Your goal: Would you return, word for word, the lines of the data below from the line with "My First Christmas" through the line with "Paris Hilton makes", and no others?

Data records:
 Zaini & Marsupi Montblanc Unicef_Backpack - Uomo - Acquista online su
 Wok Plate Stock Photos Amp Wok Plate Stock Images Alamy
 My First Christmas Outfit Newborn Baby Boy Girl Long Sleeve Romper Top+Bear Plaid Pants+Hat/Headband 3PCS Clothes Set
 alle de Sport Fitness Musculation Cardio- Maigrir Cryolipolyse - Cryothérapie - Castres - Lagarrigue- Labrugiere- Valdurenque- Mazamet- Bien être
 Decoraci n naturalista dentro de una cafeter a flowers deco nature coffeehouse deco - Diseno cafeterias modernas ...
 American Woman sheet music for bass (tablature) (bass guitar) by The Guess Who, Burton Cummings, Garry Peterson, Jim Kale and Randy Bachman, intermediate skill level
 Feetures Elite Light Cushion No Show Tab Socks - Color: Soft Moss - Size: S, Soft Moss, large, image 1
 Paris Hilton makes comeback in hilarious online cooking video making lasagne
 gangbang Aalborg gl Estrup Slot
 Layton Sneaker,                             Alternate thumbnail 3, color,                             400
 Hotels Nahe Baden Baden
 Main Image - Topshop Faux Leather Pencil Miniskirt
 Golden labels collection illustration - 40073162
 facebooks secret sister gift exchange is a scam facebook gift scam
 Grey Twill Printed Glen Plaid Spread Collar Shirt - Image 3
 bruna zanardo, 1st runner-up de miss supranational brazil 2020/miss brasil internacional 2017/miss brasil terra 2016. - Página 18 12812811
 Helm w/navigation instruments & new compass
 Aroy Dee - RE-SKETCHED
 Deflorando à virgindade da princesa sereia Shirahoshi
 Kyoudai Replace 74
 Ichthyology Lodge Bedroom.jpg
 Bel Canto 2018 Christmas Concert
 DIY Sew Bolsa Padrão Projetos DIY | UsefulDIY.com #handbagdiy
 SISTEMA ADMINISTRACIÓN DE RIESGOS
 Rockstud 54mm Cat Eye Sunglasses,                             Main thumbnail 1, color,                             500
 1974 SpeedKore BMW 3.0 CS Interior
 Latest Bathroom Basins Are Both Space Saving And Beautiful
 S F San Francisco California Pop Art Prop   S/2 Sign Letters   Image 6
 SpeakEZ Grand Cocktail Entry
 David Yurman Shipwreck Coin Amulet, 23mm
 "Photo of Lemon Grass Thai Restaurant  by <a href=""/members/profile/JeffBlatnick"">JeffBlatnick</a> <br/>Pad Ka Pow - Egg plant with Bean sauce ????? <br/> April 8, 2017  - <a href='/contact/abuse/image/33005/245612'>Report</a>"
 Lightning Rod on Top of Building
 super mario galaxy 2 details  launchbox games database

The answer:
 My First Christmas Outfit Newborn Baby Boy Girl Long Sleeve Romper Top+Bear Plaid Pants+Hat/Headband 3PCS Clothes Set
 alle de Sport Fitness Musculation Cardio- Maigrir Cryolipolyse - Cryothérapie - Castres - Lagarrigue- Labrugiere- Valdurenque- Mazamet- Bien être
 Decoraci n naturalista dentro de una cafeter a flowers deco nature coffeehouse deco - Diseno cafeterias modernas ...
 American Woman sheet music for bass (tablature) (bass guitar) by The Guess Who, Burton Cummings, Garry Peterson, Jim Kale and Randy Bachman, intermediate skill level
 Feetures Elite Light Cushion No Show Tab Socks - Color: Soft Moss - Size: S, Soft Moss, large, image 1
 Paris Hilton makes comeback in hilarious online cooking video making lasagne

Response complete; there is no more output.